I evaluated [expectedMax(n,1000) for n in range(1,101)] and obtained:

[1.0, 1.985, 2.79, 3.403, 4.052, 4.575, 4.784, 5.145, 5.45, 5.672, 6.008, 6.198, 6.515, 6.508, 6.765, 7.006, 7.074, 7.207, 7.466, 7.416, 7.534, 7.711, 7.812, 7.992, 8.049, 8.012, 8.268, 8.467, 8.408, 8.467, 8.604, 8.54, 8.779, 8.666, 8.804, 9.121, 9.076, 9.033, 9.179, 9.289, 9.344, 9.33, 9.479, 9.456, 9.601, 9.613, 9.644, 9.836, 9.693, 9.82, 9.886, 9.944, 10.044, 10.124, 10.161, 10.113, 10.039, 10.273, 10.334, 10.345, 10.317, 10.454, 10.519, 10.483, 10.491, 10.496, 10.617, 10.593, 10.719, 10.859, 10.885, 10.782, 10.858, 10.841, 10.87, 10.804, 11.005, 11.005, 10.993, 11.105, 11.092, 11.121, 11.106, 11.159, 11.198, 11.209, 11.291, 11.393, 11.444, 11.428, 11.395, 11.584, 11.533, 11.511, 11.545, 11.559, 11.601, 11.585, 11.61,11.617]

Plotted this looks like:

enter image description here

which looks somewhat logarithmic.

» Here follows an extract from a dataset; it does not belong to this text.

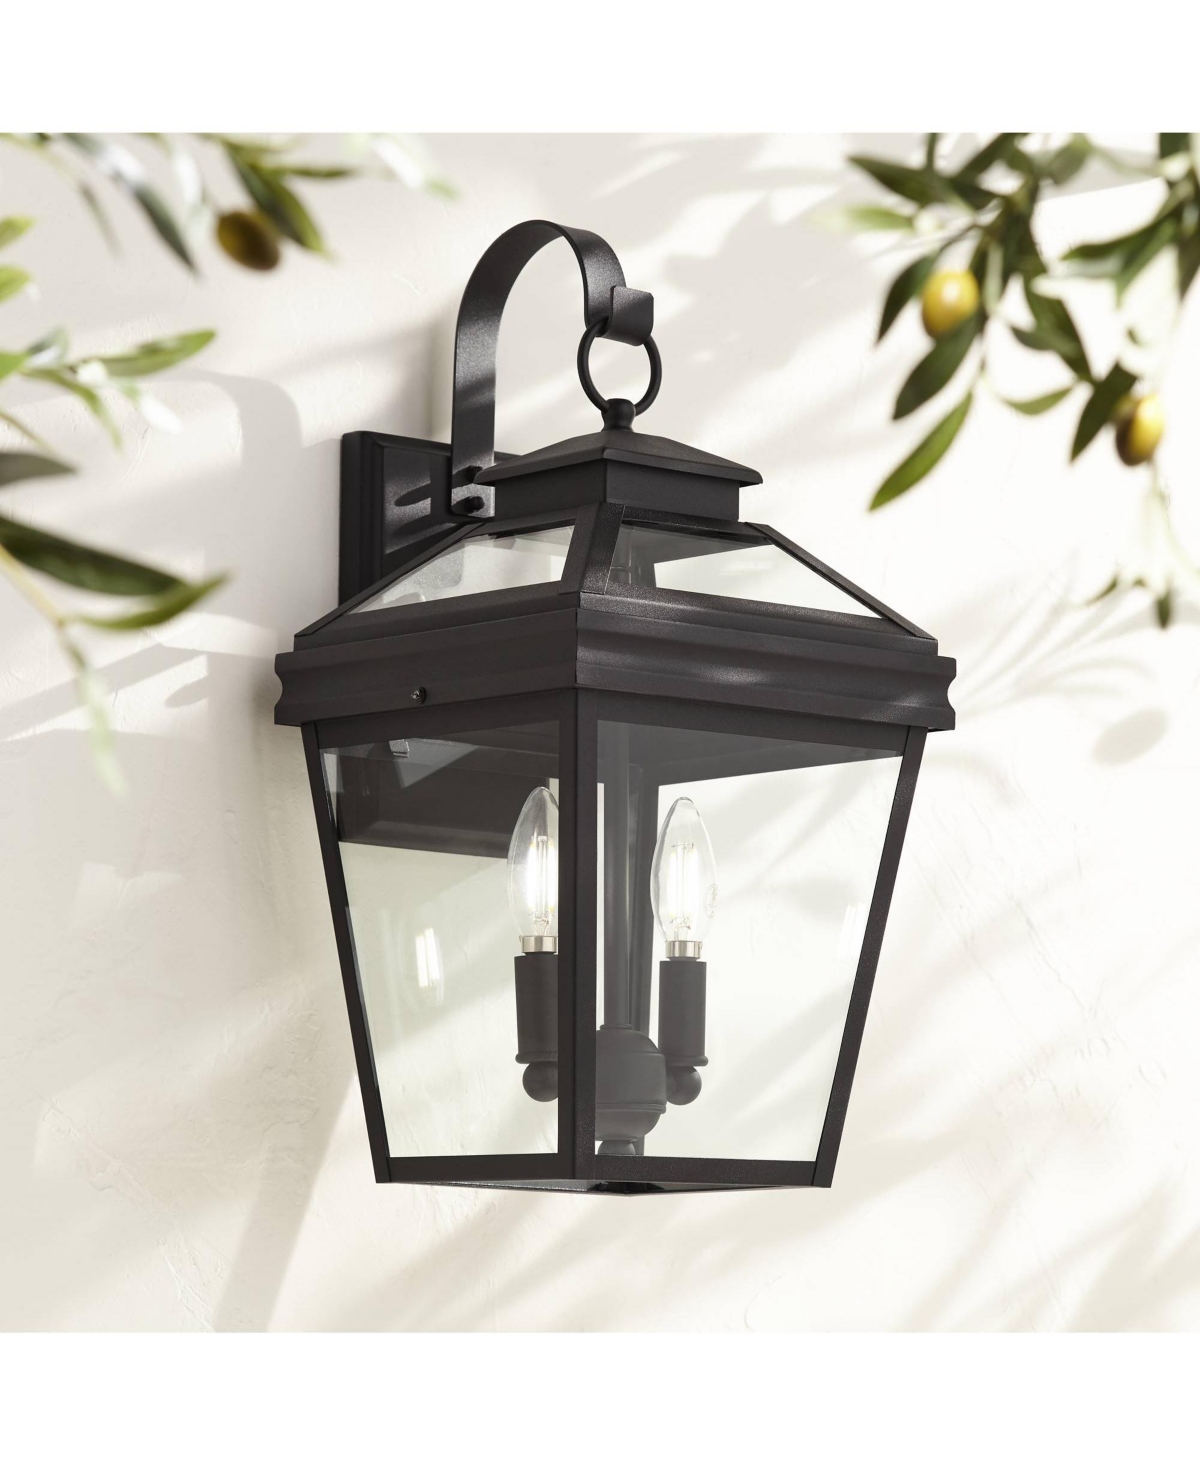 Stratton Street Traditional Outdoor Wall Light Textured Black Steel 16 1/2" Clear Glass Lantern for Exterior House Porch Patio Outside Deck Garage Yar

It also looks somewhat like a square root, but I evaluated expectedMax(1000,1000) and got 17.835, which suggests that the growth rate is slower than a square root.

3
On

Each coupon appears $\log n$ times on average.

If I treat the number for a single coupon as a binomial, the variance is also asymptotically $\log n$.

Now treat each of the counts as a normal variable $\mathcal N(\log n,\log n) $.

Expectation of the maximum of gaussian random variables shows the maximum of $n$ independent standard normal random variables to be around $\sqrt{2\log n}$, so the final answer would be $$\mu+\sigma \sqrt{2\log n}=\log n+\sqrt{\log n}\sqrt{2\log n}=(1+\sqrt2)\log n$$

Edit:

On the other hand, here is an argument that the limit is $e\log n$.

Treat each coupon count as an independent Poisson variable with parameter $\lambda=\log n$. The tail of the distribution is given here as $$e^{-\lambda}\frac{(e\lambda))^x}{x^x}=\frac1n\left(\frac{e\log n}x\right)^x$$ The chance that at least one coupon is inside this tail would be around $n$ times that. So the probability moves from near-zero to near-1 when $x$ is near $e\log n$.